The full mystery is not easily understood or symbolized through our language, but we know it when we experience it. To turn scripture into legal and moral platitudes is to lose the depth found within the journey to God. Scripture is not a little instruction book, but it helps us work through our relationship with God and with each other. We’ll have good times and bad times. We’ll have times of plenty and times of scarcity. These different times shift how we see God and how we see others. Good things may happen to people acting poorly, and bad things may happen to people acting righteously and vice versa. It’s all part of the mystery. Scripture and our traditions show us how our ancestors worked through this tension of mystery on their way to God.
To see things literally is to lose the depth. There is always more with God. The testament of Jesus can be summed up in simple words, but there is great depth in how it’s lived out. It takes creative expression and interpretation to go beyond, to journey into that depth, to see past the surface of things. Jesus understood this, that is why he spoke the way he did. Those around him were wanting easy answers and a reinforcement of the norm, and he gave the questions and a new way of thinking. He was pushing them further. He was taking them on Abraham’s journey for themselves to grow in and be surprised by God. To follow Christ is to journey through the mystery, not obey already established answers with certainty. God will always stretch us to more than we imagine possible.
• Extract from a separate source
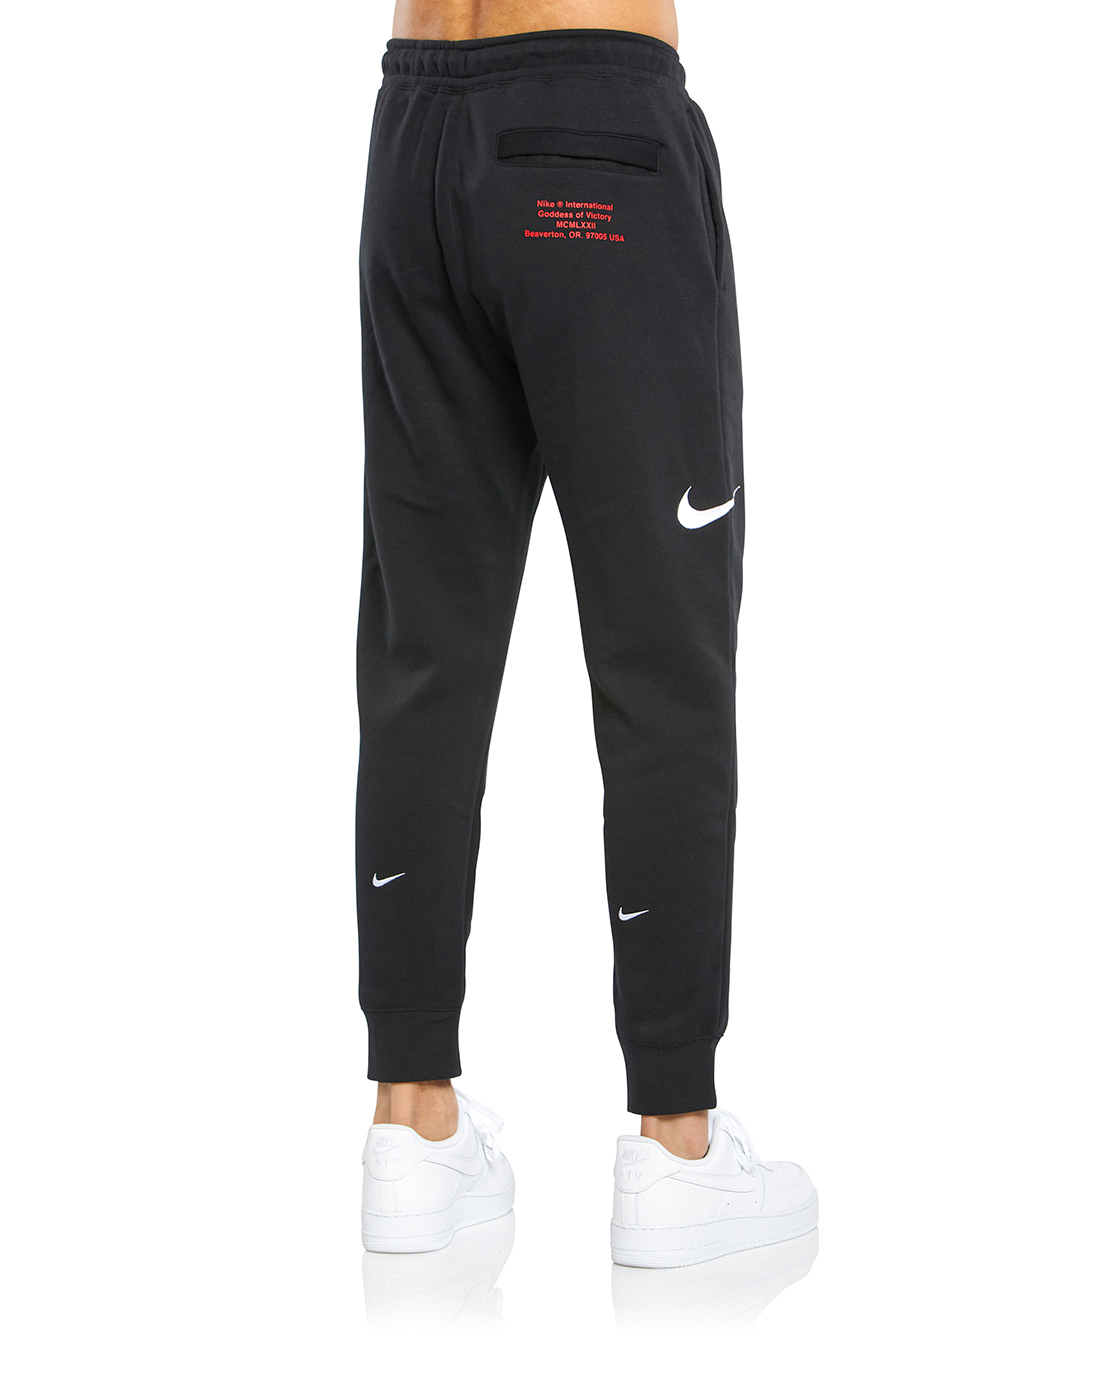 Nike Mens Swoosh Pants | Life Style Sports

For the first shall be last, and the last shall be first. From time-to-time, we’re one or the other, other times we’re both, then again sometimes we’re not, and for all we know we might just be in between. God loves us so much that he made existence a mystery so that we’re never done and there’s always something new to discover. Answers will lead to questions, and questions will lead to more answers. May we journey beyond the surface to God.